Climate change is no longer an issue for scientists and specialists. It is a serious problem that affects us all, and we don’t know whether it can be fixed or if it will continue to get worse.

One of the most important examples is the melting the polar mantle that affects the Arctic and the Atlantic. In Alaska, it has been found that the deep sea fauna is dangerously declining. This year in the state, the fishing of the famous snow crab, or royal crab, was banned. Just two years ago, the Alaskan shellfish population was believed to be in the billions; now, with the latest census data, it stands at a few hundred million.

In November 2022, a new round of the United Nations Climate Change Conference will open in the Egyptian town of Ashram El Sheikh by the Red Sea. Previously, the participating nations adopted the Kyoto Protocol in 1997 to reduce the effects of greenhouse gas, which are responsible for a large part of global warming.

“We want to reduce the emission of harmful gases and thus save the planet Earth,” affirmed the participants. There were difficulties in ratifying Kyoto objectives within each country’s government because of the complex ratification processes. Kyoto requested the reduction of the volume of carbon dioxide, methane and other gases that cause climate change, with the commitment of a 5.2 percent reduction.

The signatories were 187 countries, with a notable omission, the United States. Several months leading up to the Kyoto Convention, the U.S Senate passed the Byrd–Hagel resolution stating that:

“the United States should not be a signatory to any protocol … which would (A) mandate new commitments to limit or reduce greenhouse gas emissions for the Annex I Parties, unless the protocol … also mandates new specific scheduled commitments … for Developing Country Parties within the same compliance period, or (B) result in serious harm to the economy of the United States.”

Byrd–Hagel was not legally binding; however, despite this, it passed by a 95–0 vote rather than the two-thirds majority required for Senate ratification. Hence, if the United States had signed onto Kyoto at the time, it would be more of a symbolic gesture.

The United Nations returned to the issue in Paris in December 2015. On that date, scientists confirmed that industrialized countries are responsible for 55 percent of the gases that lead to global warming.

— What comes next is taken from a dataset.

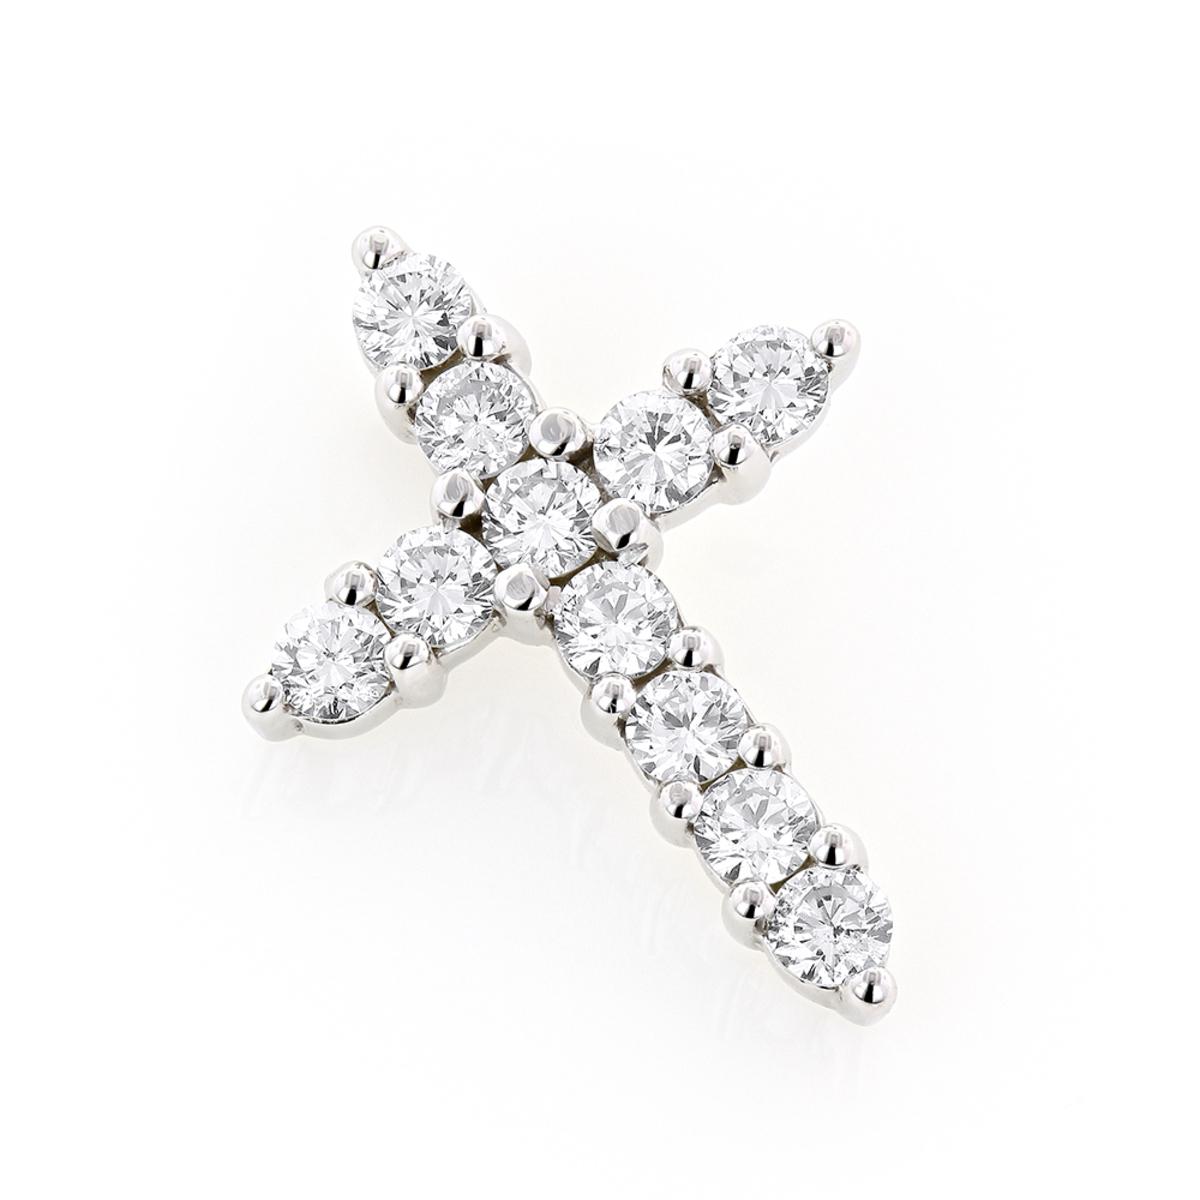 14K Gold Round Diamond Cross Pendant 1 carat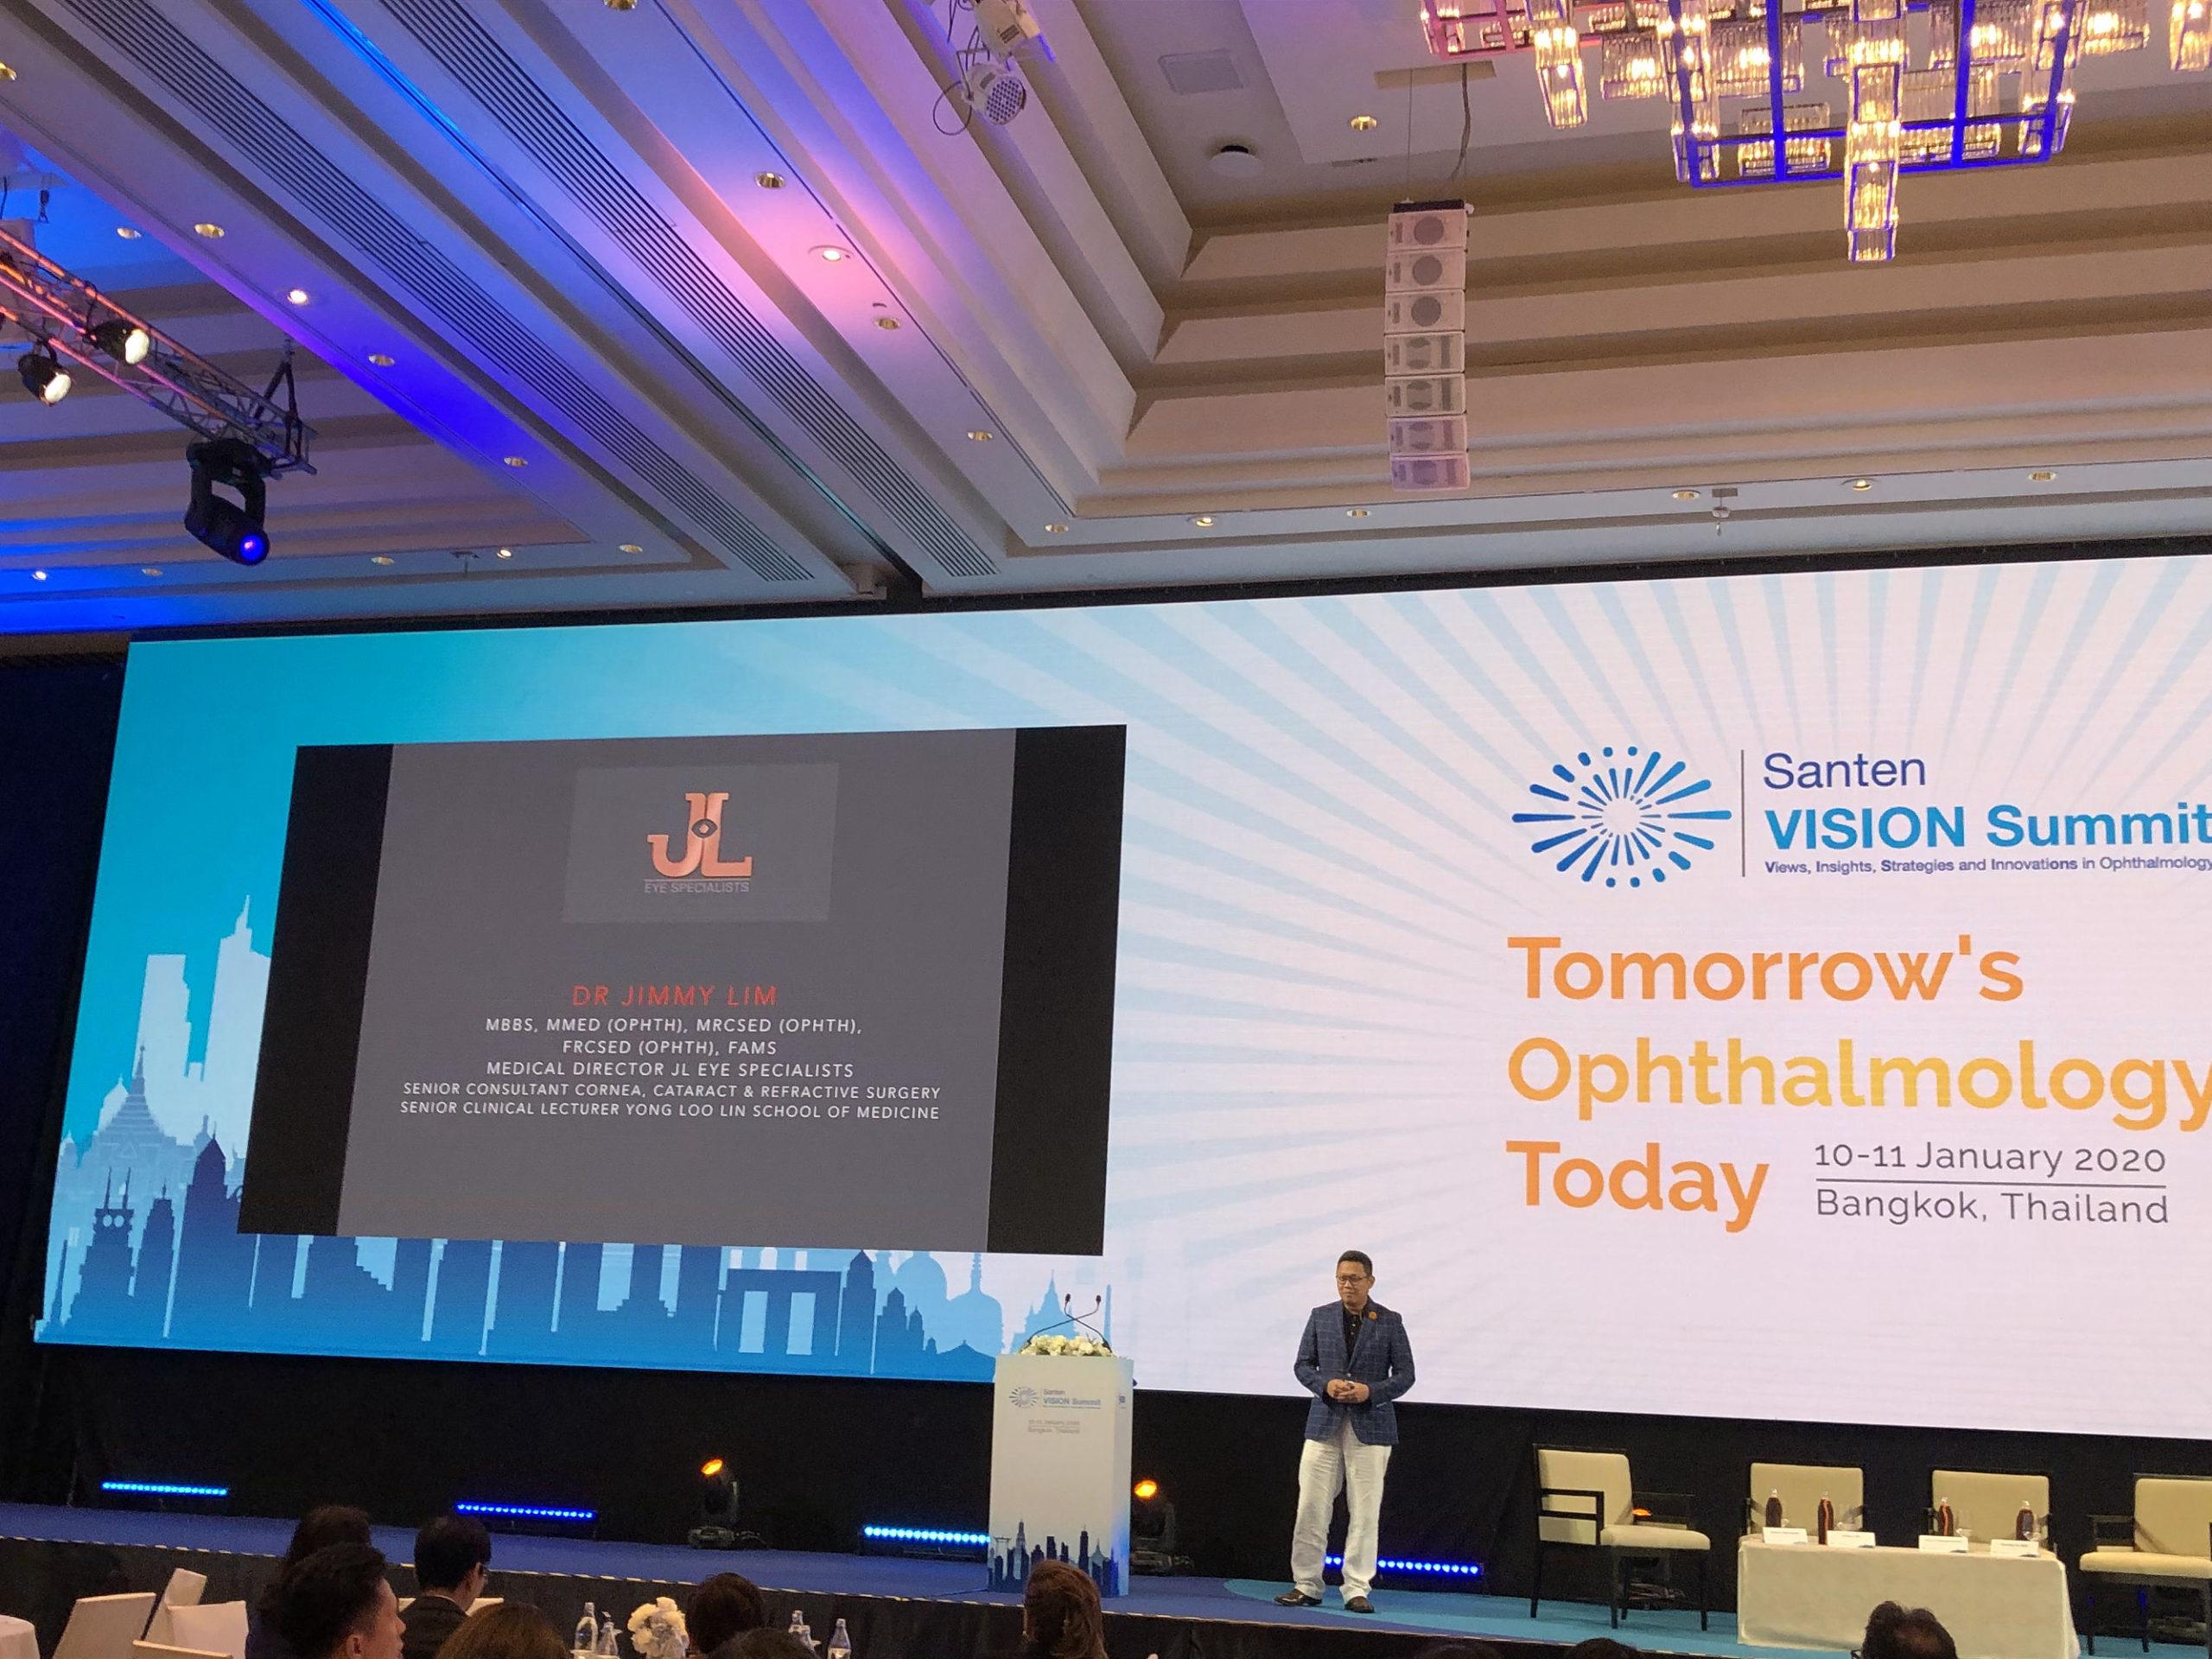 Tomorrow's Opthalmology, Today, Santen Vision Summit 2020, Bangkok, Thailand

The Paris agreement adopted an action plan to lower the planet’s global temperature below 2 percent. This agreement has been in force since November 2016 but has not been fully complied with either.

The situation is complicated today by the increase in the price of oil. In countries such as the Netherlands, Spain, Italy and France, a large part of the production of fruits and vegetables is carried out under greenhouses. As a result, the Netherlands can export tomatoes all year round; the same happens in Spain with strawberries.

But with the price of oil used in greenhouses to generate energy rising sharply, European farmers already hear voices that say they will have to get rid of their greenhouses—Goodbye to Dutch tomatoes in December and Spanish red fruits in the winter months.

What can COP27 in Sharm el Sheikh offer? The first wish is to ratify the Paris agreement. Under Trump, the U.S. walked out of the deal. As Europe and the United States begin to reduce their dependence on Russian natural gas, voices are already being heard supporting returning to coal usage.

Germany wants to reactivate the coal mines in the Ruhr area. The Berlin parliament approved this year to reactivate the mines to limit purchases of Russian natural gas, thus following the sanctions measures of the European Union. Poland is preparing to do the same.

But consuming coal to generate electricity means saying goodbye to Kyoto and Paris. It will be another consequence of the Ukraine war started by Putin illegally.

The Ukraine war, coal, and sanctions against Russia have adversely affected the global economy. The consequences of climate change would not be so dire if Putin did not send the tanks to the neighbouring country.

COP27 in Egypt will have difficulty producing good results, no matter how many good intentions it may have. However, the fact that world leaders are meeting to discuss such an important issue and are willing to put forth ideas that can lead to a better future for everyone can and should not be discounted.